Tutt’attorno al tavolo, i commensali avevano cominciato a salutarsi. Luke, riluttante ad andarsene, respirò a fondo il sapore di Gaeriel. Preoccupata? «Che cosa c’è?» chiese all’improvviso-. Di certo non poteva desiderare che lui si fermasse ancora. Sarebbe stato sperare troppo.
Fissando il centro tavola, Gaeriel mormorò: «Ora che il governatore Nereus non ha più la Morte Nera alle spalle, dovrà ricorrere a qualche altro tipo di minaccia per tenerci in riga».
Una minaccia più concreta. Luke si sfregò il mento. «Se non fosse per gli Ssi-ruuk, ricomincerebbe i rastrellamenti?»
Le guance di Gaeriel sbiancarono. «Come fa a sapere...» Non finì la frase.
Non ce n’era bisogno. «Procedura standard imperiale. L’abbiamo visto fare su tanti mondi.»
Per un momento Gaeriel sembrò ritirarsi in se stessa. Dall’altra parte del tavolo Leia e Han si alzarono e si allontanarono in due direzioni opposte. Nessuno dei due aveva un’aria contenta.
Un’altra piccola spinta. «È sicura di credere nell’Impero?» mormorò Luke.
La ragazza si accigliò. Ammiccò con i suoi occhi spaiati.
Inghiottì un ultimo sorso di liquore di namana e si alzò assieme a lui. «È un equilibrio. Ogni cosa contiene in sé la luce e le tenebre. Anche i Jedi, suppongo.»
«Sì», mormorò Luke. Se solo quella serata avesse potuto durare una settimana. Chiedile se puoi rivederla! Era un suggerimento di Ben o un impulso tutto suo? «Perché non concludiamo questa conversazione domani?»

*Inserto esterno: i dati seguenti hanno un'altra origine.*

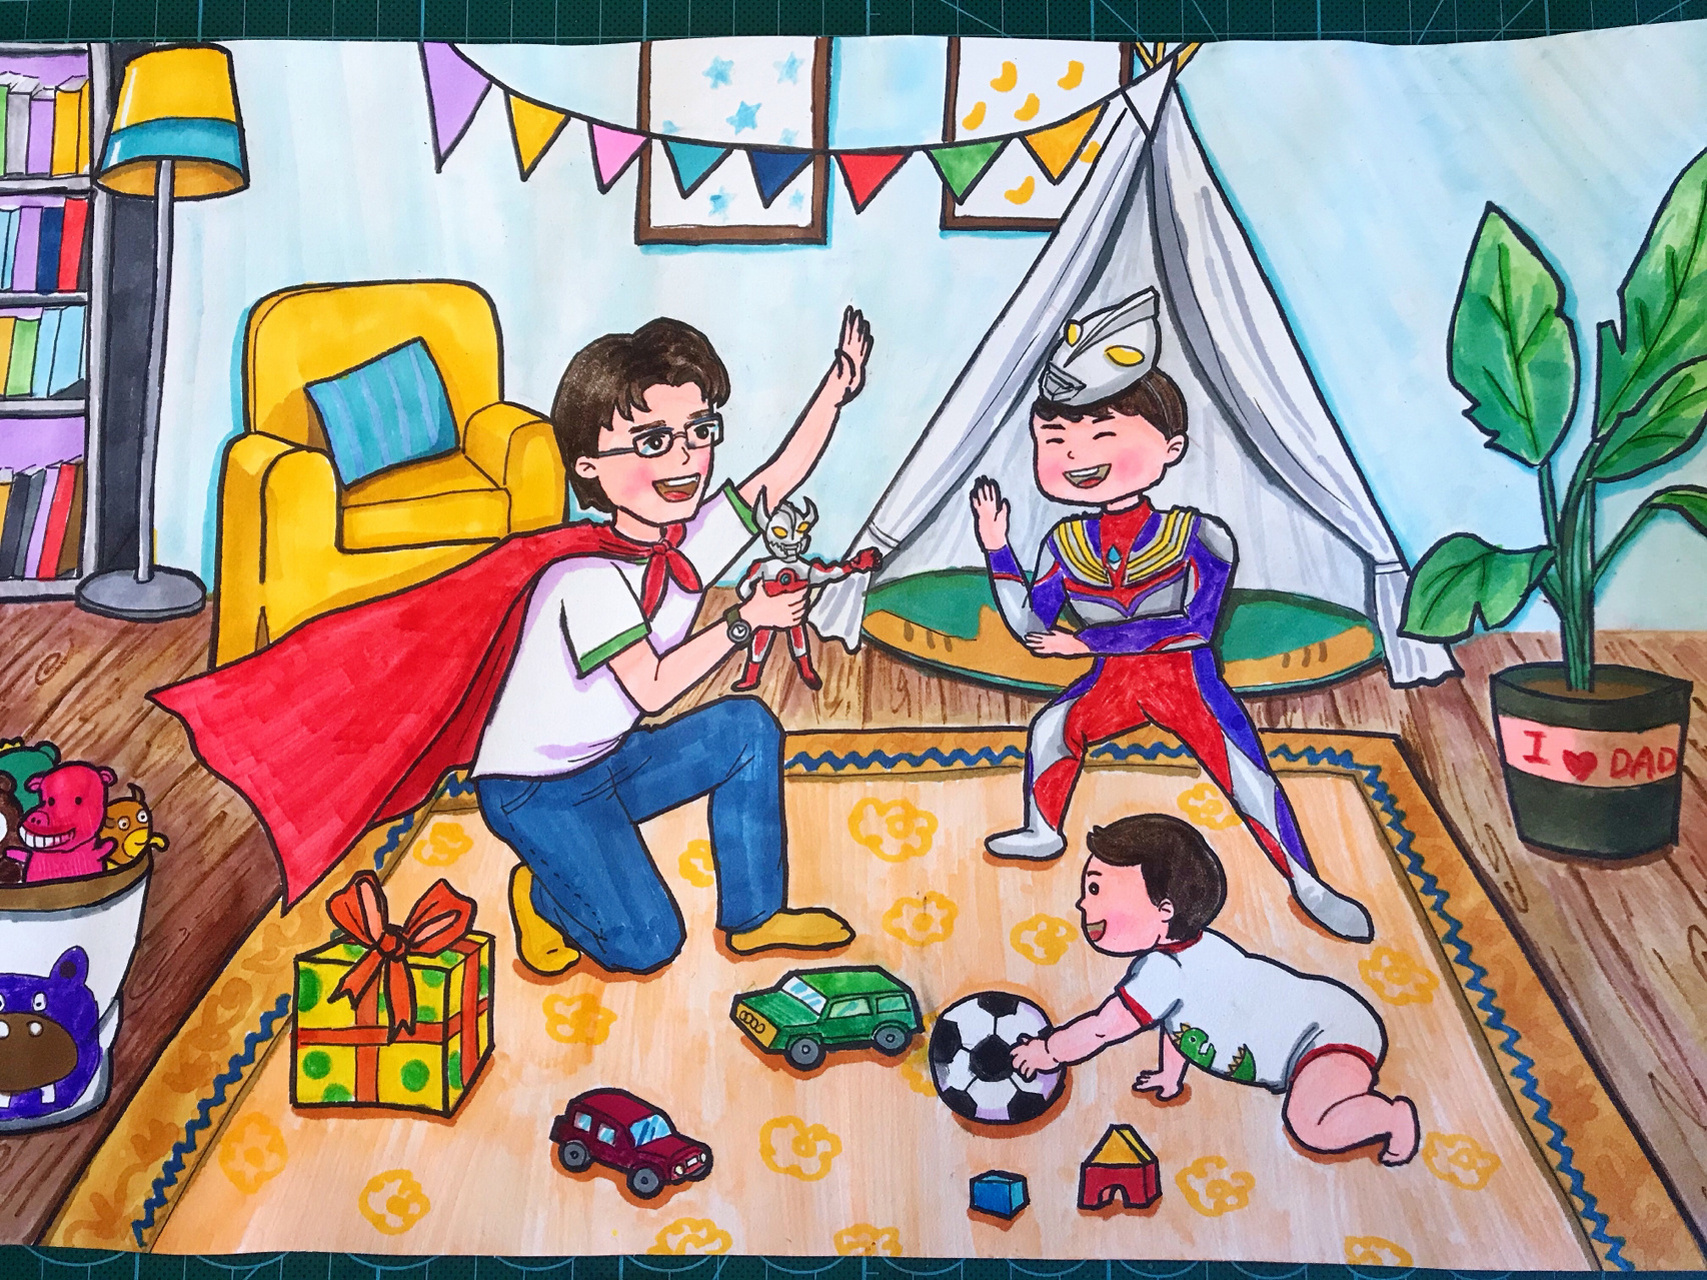 父亲节主题绘画 用画笔记录爸爸陪伴孩子做游戏的快乐时光

«Dubito che ce ne sarà il tempo.» Con un’espressione gentile ma sollevata, gli porse la mano.
Non aveva visto quell’ufficiale imperiale baciare la mano di Leia? Era quella la cosa da fare in questo caso?

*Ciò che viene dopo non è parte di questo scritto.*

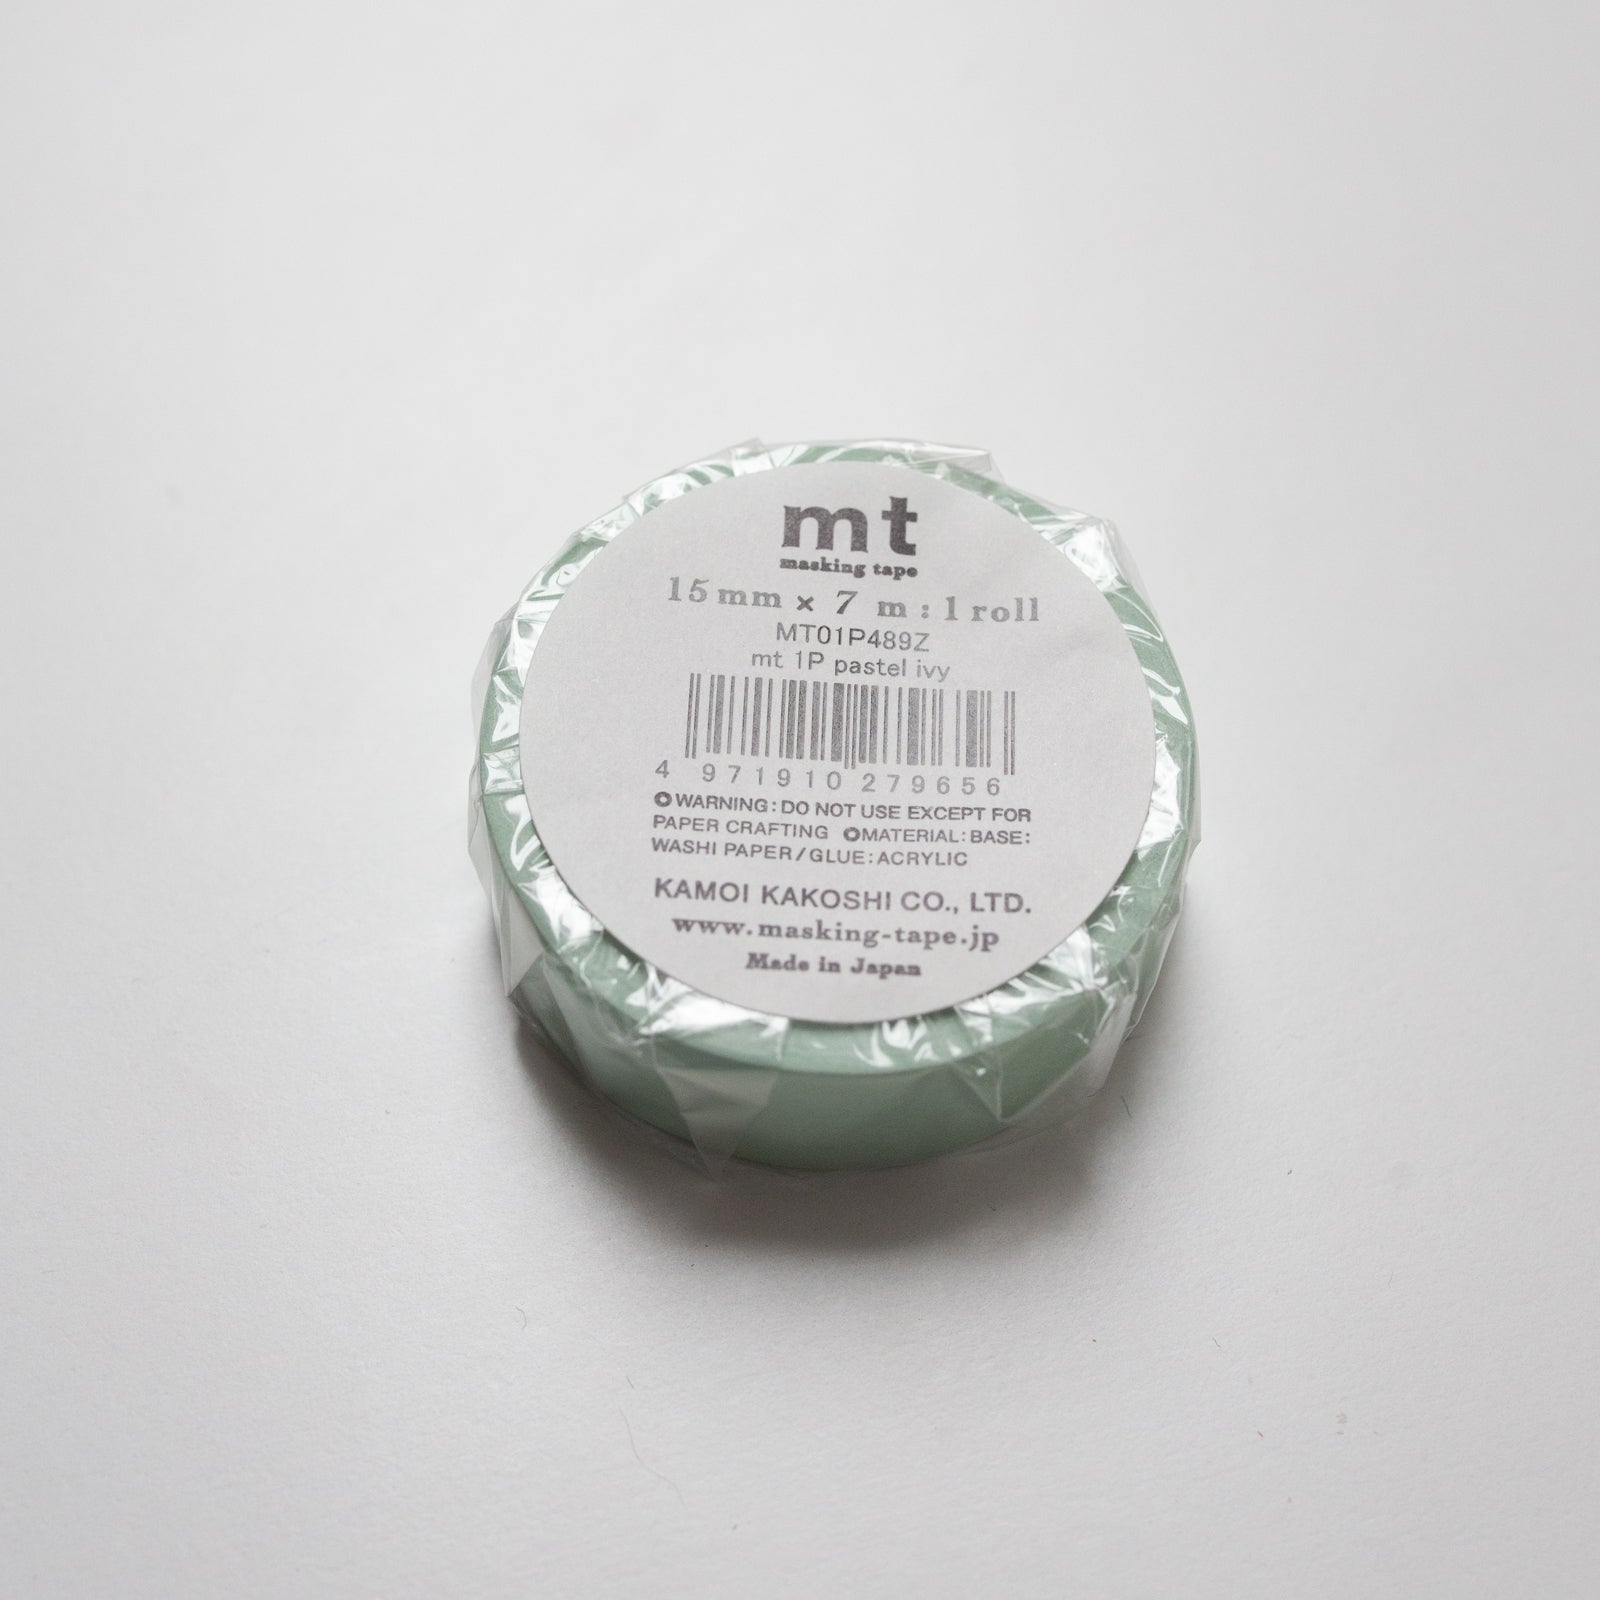 MT Masking tape Pastel Ivy

Decidendo di rischiare, sollevò alle labbra la mano di Gaeriel. Lei non la ritirò. Aveva lo stesso sapore del candito di namana. In fretta, prima che il suo coraggio svanisse, sfiorò le sue nocche con le labbra. Si sentiva uno stupido. Non si sarebbe mai più azzardato a fare una cosa del genere.

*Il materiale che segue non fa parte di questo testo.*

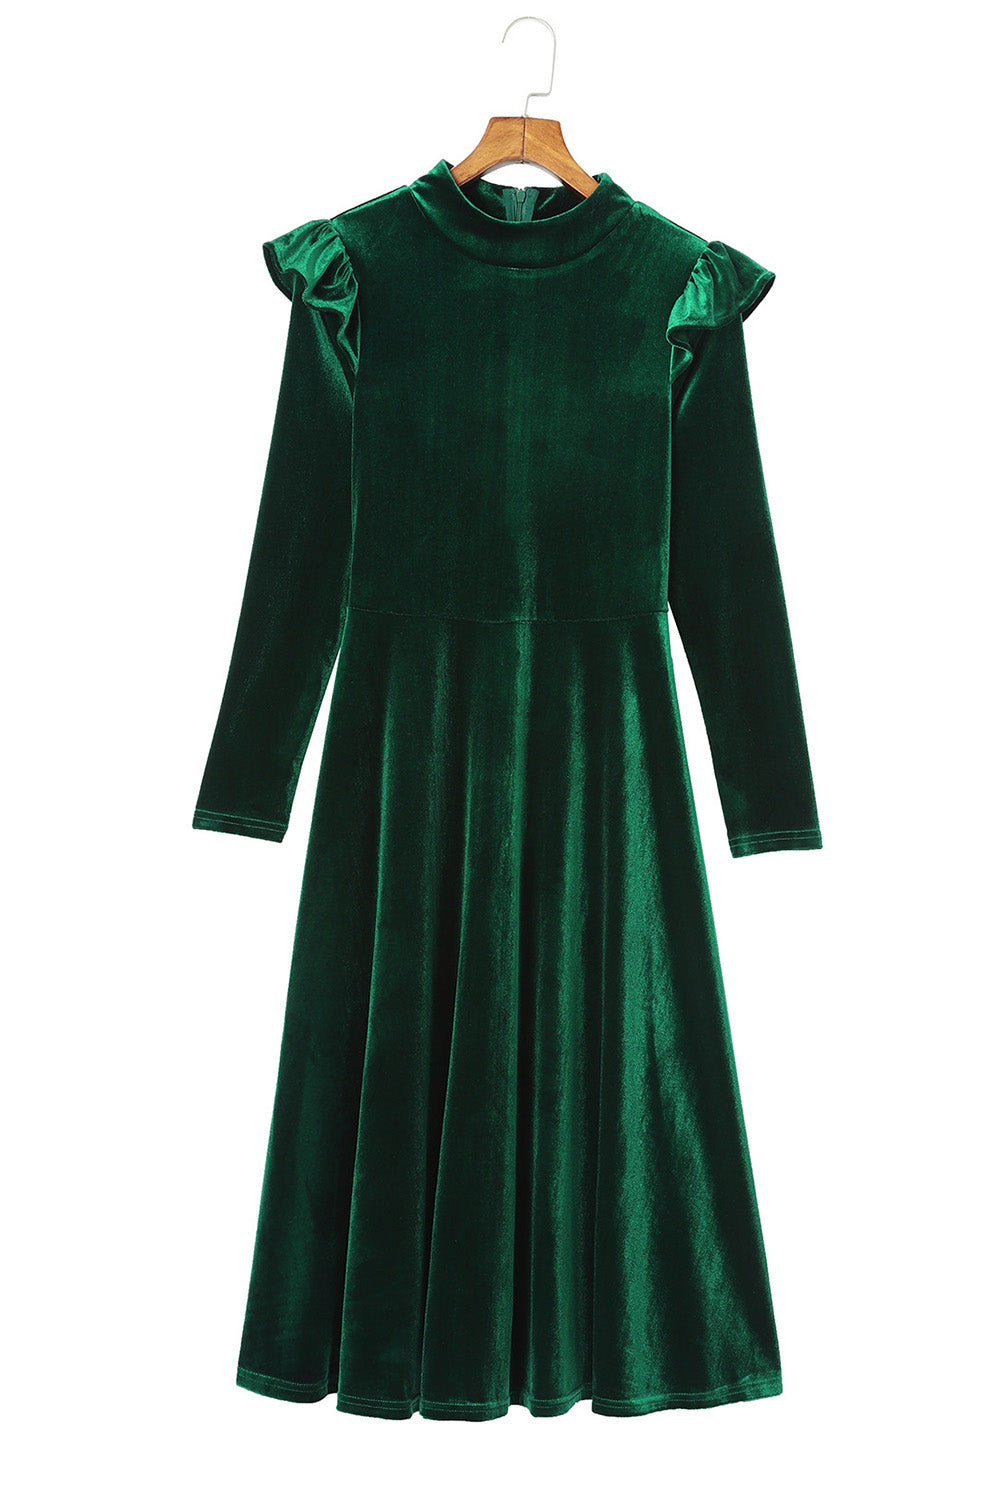 Green Frill Trim Long Sleeve Stand Neck Velvet Dress Dresses JT's Designer Fashion

Gaeriel gli strinse brevemente la mano, poi si liberò e si diresse verso il senatore anziano Belden. Luke rimase fermo, sfregandosi la mano e cercando di immaginare Gaeriel come parte del suo futuro.
Per la Forza, l’indomani avrebbe trovato il tempo di finire quella conversazione a costo di costruirselo.